[15]

31.5K 2.7K 57
                                    

lama, ya?😅

.

UNTUK KESEKIAN KALINYA, Raziel dilanda rasa takut dan khawatir yang sama, diakibatkan oleh orang yang sama. Andaikan Raziel mampu untuk bernapas, ia yakin deru napasnya sudah terengah-engah. Menunggu perempuan yang ia kasihi membuat dirinya tak bisa menguasai dirinya. Tidak ia pedulikan sengatan perih yang berasal dari tangannya.

Raziel terkejut bukan main tatkala mendengar jeritan yang amat keras dari dalam ruang kerjanya. Terlebih saat ia sadari jeritan itu merupakan suara Elra. Bergegas ia meninggalkan semua hal yang harus ia kerjakan dan tanpa perlu melewati pintu, Raziel melompat dari jendela lalu melesat secepat yang ia bisa.

Jalan menuju danau tidaklah jauh, tetapi semua pikiran buruk itu membuat langkah kedua kakinya terasa berat. Ditambah lagi jeritan Elra tak hanya satu-dua kali ia dengar, walau sisanya terdengar samar-samar. Ia ingin menambah kecepatan langkahnya saat ia mendengar suara rintihan–tak jauh dari posisi ia berhenti.

Keterkejutan Raziel tak berhenti sampai disitu, ia menemukan kondisi Jack yang memiliki luka sayatan mengerikan di bagian dadanya–merobek pakaian dan kulitnya. Dan dengan satu kali melihat, ia tahu benar jika luka itu disebabkan oleh senjata yang mengandung perak karena Jack yang tak kunjung menyembuhkan diri.

Raziel berjalan mendekati Jack dan kembali merasakan sensasi yang sama. Di sebuah pohon, adikknya–Astrid–terikat kuat. Darah menggenang di bawah kakinya. Tentu saja Raziel yakin jika perak pasti melumuri tali itu.

Susah payah Raziel melepaskan ikatan itu, mengakibatkan telapak tangannya melepuh. Ia memberikan pesan pada Maryln untuk menyusulnya, membawa sejumlah pasukan untuk membawa Jack dan Astrid. Pikiran-pikiran buruk yang bercokol di benaknya jelas membuat perasaannya semakin terasa mengganggu.

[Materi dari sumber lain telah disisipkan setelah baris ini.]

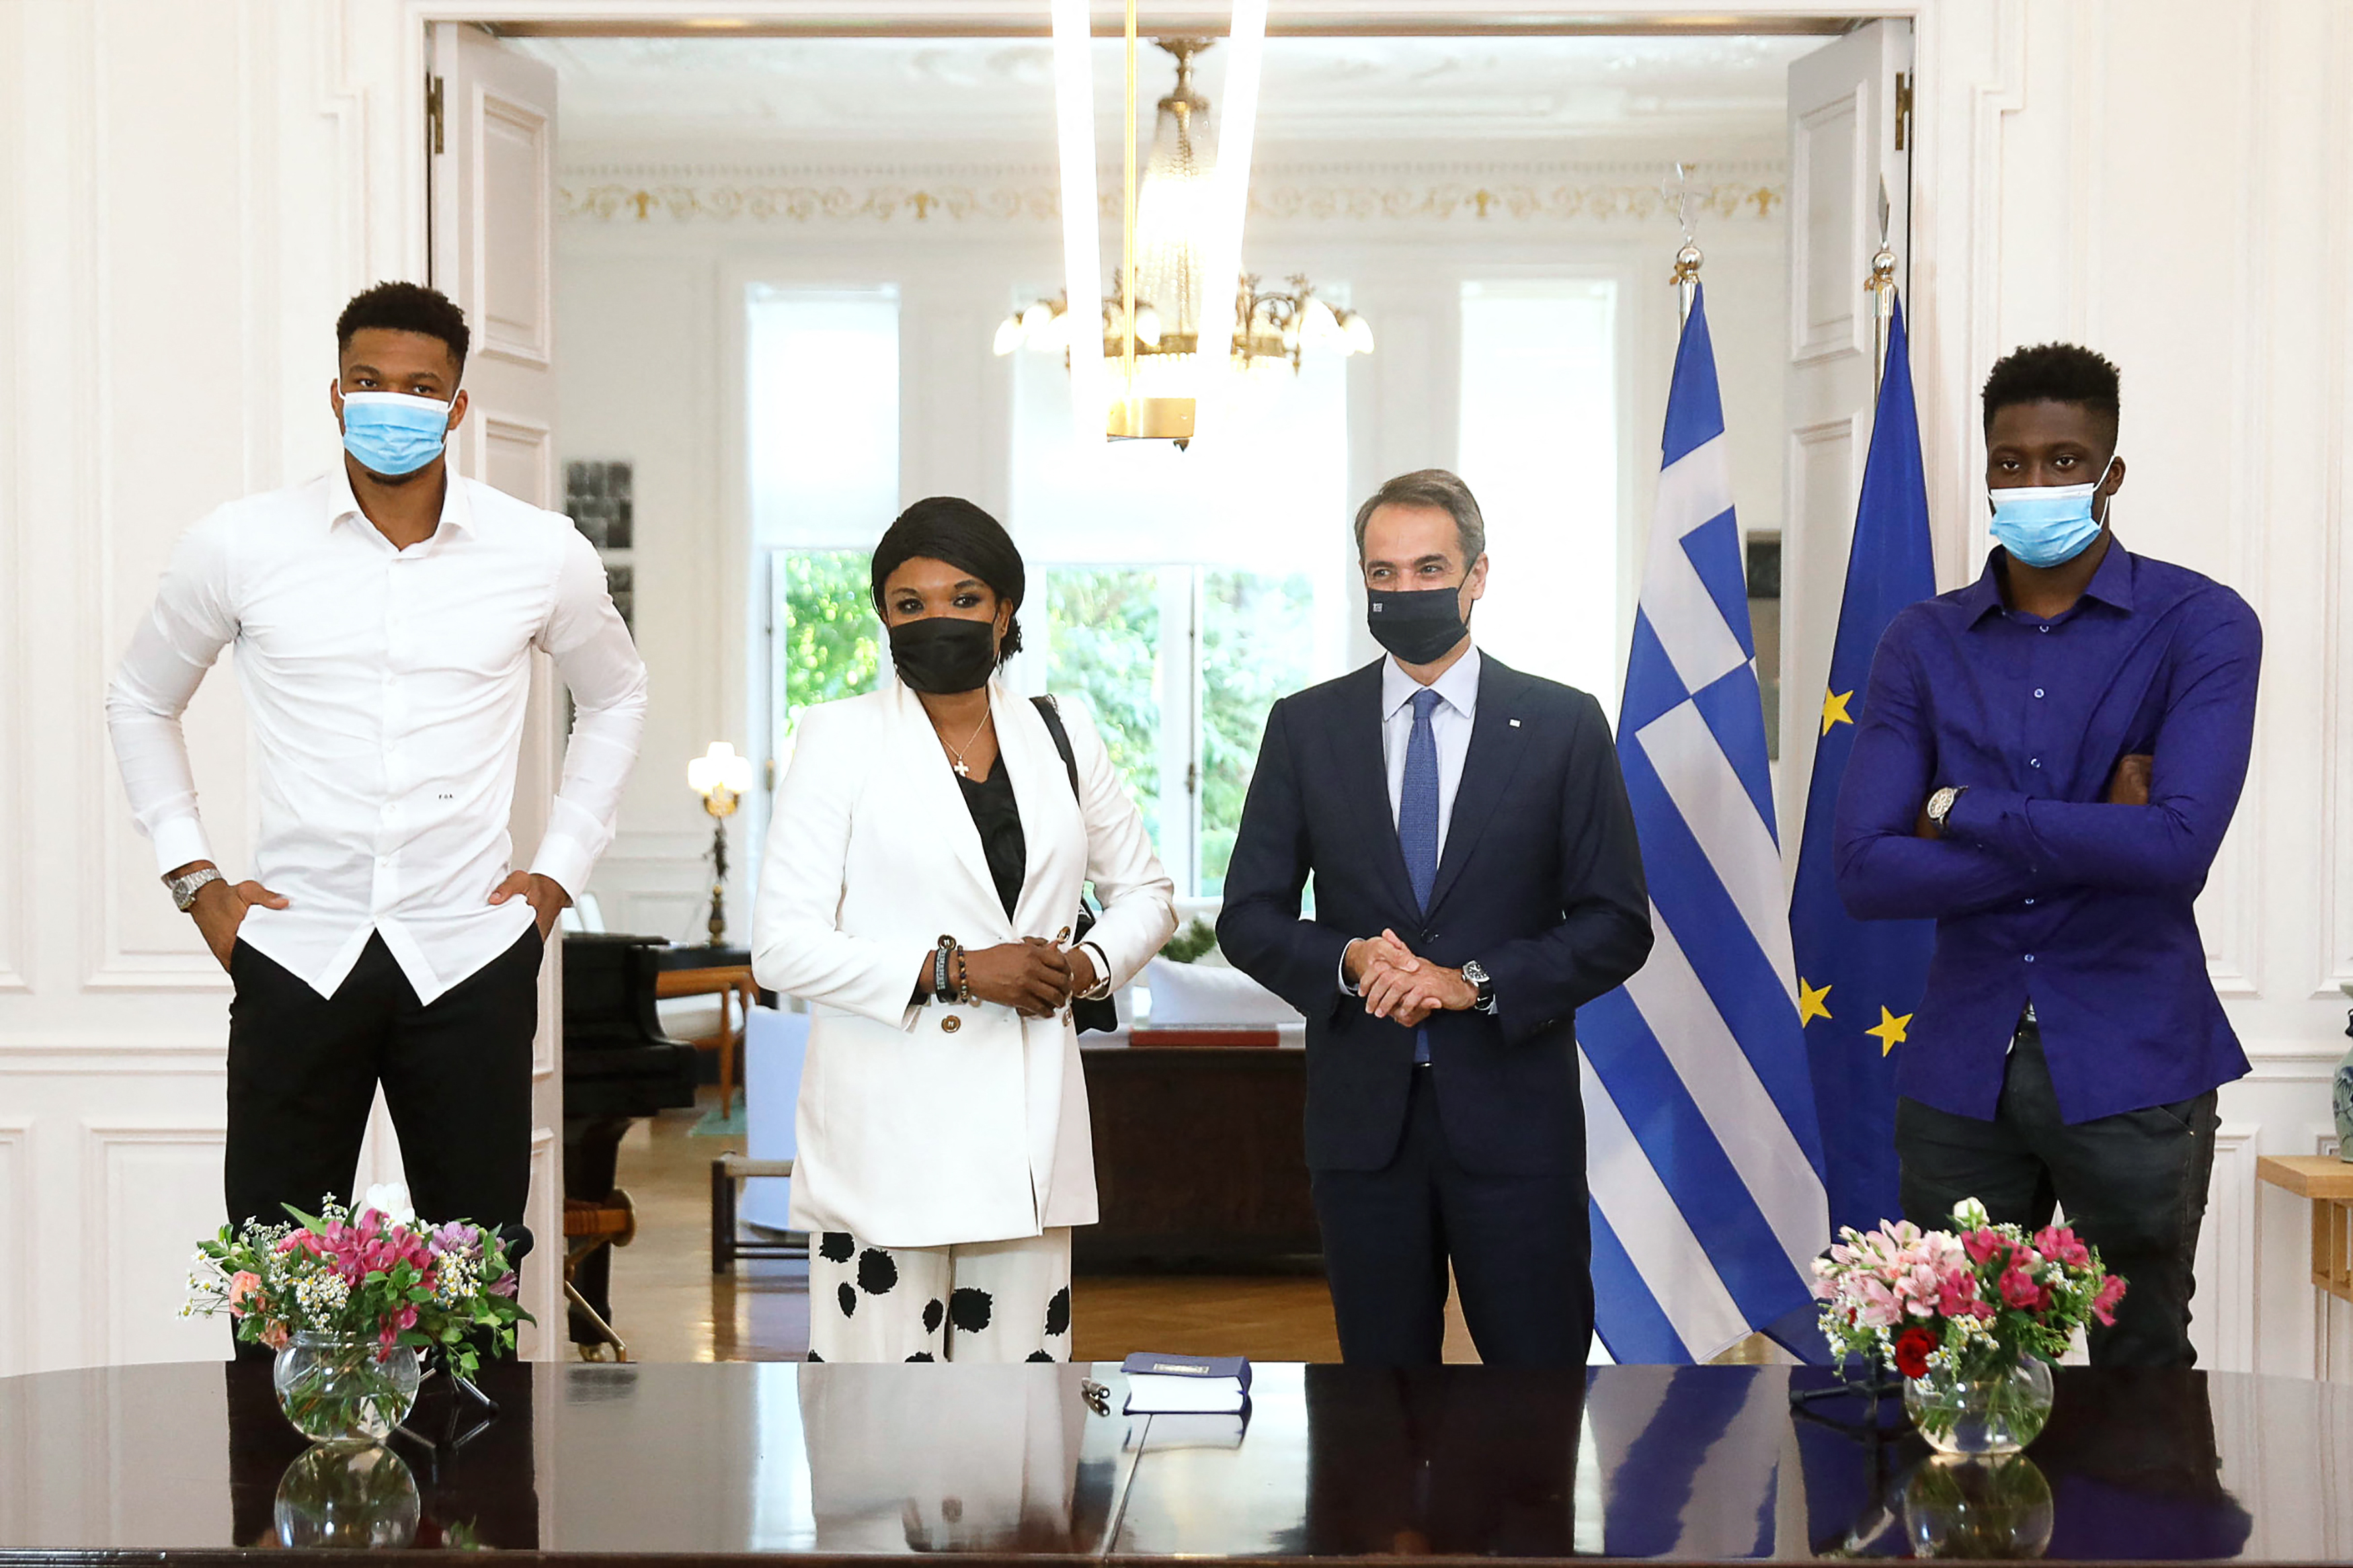 Greek Prime Minister Kyriakos Mitsotakis, Giannis Antetokounmpo, Veronica Antetokounmpo, and Alex Antetokounmpo after a naturalisation ceremony for Giannis' relatives at the Maximos Mansion in Athens, on September 16, 2021. | Source: Getty Images

Selepas Jack dan Astrid selesai dibawa oleh para prajurit, Raziel bersama Maryln pergi mencari dimana Elra berada dengan mengandalkan aroma Elra yang perlahan-lahan mulai memudar. Ketakutan jelas menjalari sekujur tubuh Raziel, ia takut apa yang ia pikirkan akan terjadi. Karena baginya, ia tidak tahu apa yang akan terjadi selanjutnya apabila Elra turut meninggalkannya.

Andaikan vampir masih memiliki air mata untuk menangis, pastilah Raziel sudah menangis detik itu. Menemukan Elra dengan keadaan yang tidak jauh lebih baik daripada Jack dan Astrid.

Elra tak sadarkan diri di atas lumpur. Dikelilingi oleh darah yang Raziel sendiri tidak yakin darimana darah itu berasal. Rambut saljunya basah dan kotor, pun dengan pakaiannya yang tak berbeda dengan warna tanah. Raziel meringis melihat kedua tangan Elra yang memiliki bekas tusukan dan garis lebam. Raziel mengendus, dan menggeram penuh amarah ketika mendapati aroma wolfsbane.

"Yang Mulia–"

Brak!

Johannes menghindar secepat mungkin. Ia tahu jika Tuannya sedang dalam keadaan yang tidak baik, maka ia sudah pasti tidak sadar jika baru saja dirinya melayangkan tinjuan ke arahnya.

"Maafkan aku," ucap Raziel setelah menyadari perbuatannya. Pikirannya terbagi-bagi. Laki-laki itu kalut. Jack, Astrid, dan Elra. Ketiga orang itu memiliki tiang penting dalam kehidupannya.

Namun Johannes tidak memiliki masalah dengan itu. "Lupakan saja, Yang Mulia. Anda bisa menghabisi saya jika kemarahan itu perlu dilampiaskan."

"Tidak. Apa yang ingin kau sampaikan?"

Johannes membungkuk. "Luka yang Jack dapatkan sudah tertutup. Namun ia masih belum sadarkan diri. Sementara Astrid baik-baik saja. Tali-tali itu memang dilumuri perak, tetapi tidak berakibat buruk pada tubuhnya. Genangan darah yang Anda lihat itu berasal dari telapak kakinya yang sempat menginjak cairan perak."